The most obvious malpractice there is in South Carolina family law

Posted Thursday, January 17th, 2019 by Gregory Forman
Filed under Litigation Strategy, Of Interest to Family Court Litigants, Of Interest to Family Law Attorneys, South Carolina Specific

About five years ago–after being burned for the umpteenth time by entering a temporary consent order binding my client to a temporary support without first obtaining a financial declaration from the opposing party, only to subsequently learn that the other party’s income and expenses would not have justified such generous support–I vowed never again to negotiate temporary support issues until the other party provides me an executed financial declaration. My thinking is that, if you want money from my client, you need to provide documentation, under oath, before my client offers it. After all, the family court will require such disclosure before it orders financial support. If it’s my client wanting support, I will tell that client to provide a financial declaration before asking me to negotiate. Hire me to handle a domestic matter that involves financial issues and the first task I will assign you is to draft a financial declaration.

Since implementing that policy, I’ve encountered loads of complaining–some from my clients and some from opposing counsels. “I know the other side’s financial situation well enough,” my clients will often inform me. “Why can’t we negotiate before we get/provide financial disclosure?,” they (both clients and opposing counsel) ask–the asking often shading into demanding.
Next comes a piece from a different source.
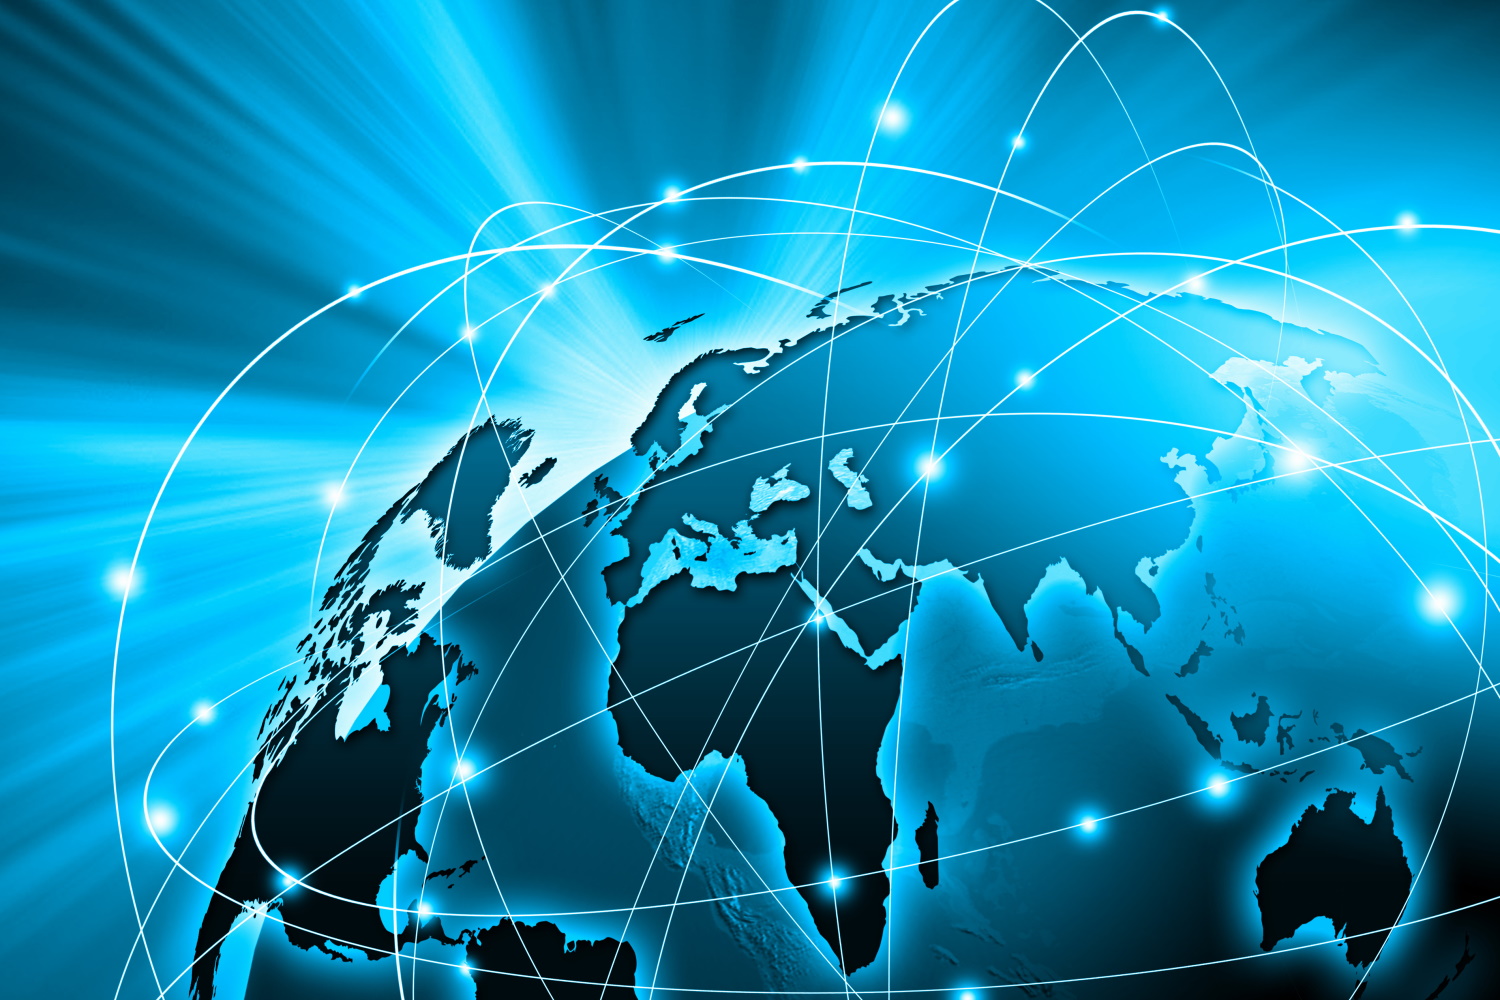 Digitale Darstellung eines Globus, auf dem verschiedene Länder und Kontinte durch Linien verbunden werden, die symbolisch für zwischenstaatlichen Austausch stehen.

To the opposing counsels I say, “no negotiation without financial declaration–and it needs to be executed, not an unsigned, unnotarized draft.” I say the same to my clients, and inform them that they can fire me if they don’t like my policy. I’ve not often been fired for taking this position and, in the past half decade, I’ve not had a single client enter a temporary consent order on support issues that the client later regretted entering–which isn’t to suggest that they didn’t try to lower this obligation during the litigation process.

Yet I continue to encounter cases, almost monthly, in which one party committed to a temporary financial obligation without first receiving an executed financial declaration from the opposing party. Sometimes months have elapsed and the supporting party has yet to receive financial disclosure from the supported party. A sizable portion of my business is taking over representation in the middle of litigation from folks who weren’t happy with their previous attorney. While I hesitate criticizing prior counsel–even when there’s such obvious errors as failing to issue discovery in a contested case or failing to file a responsive pleading–I will criticize prior counsel who had a client enter a financial obligation without first obtaining financial disclosure.

The most common and obvious attorney malpractice in the South Carolina family court is having clients enter financial obligations without first receiving financial disclosure. Stop doing it and stop asking your colleagues to do it.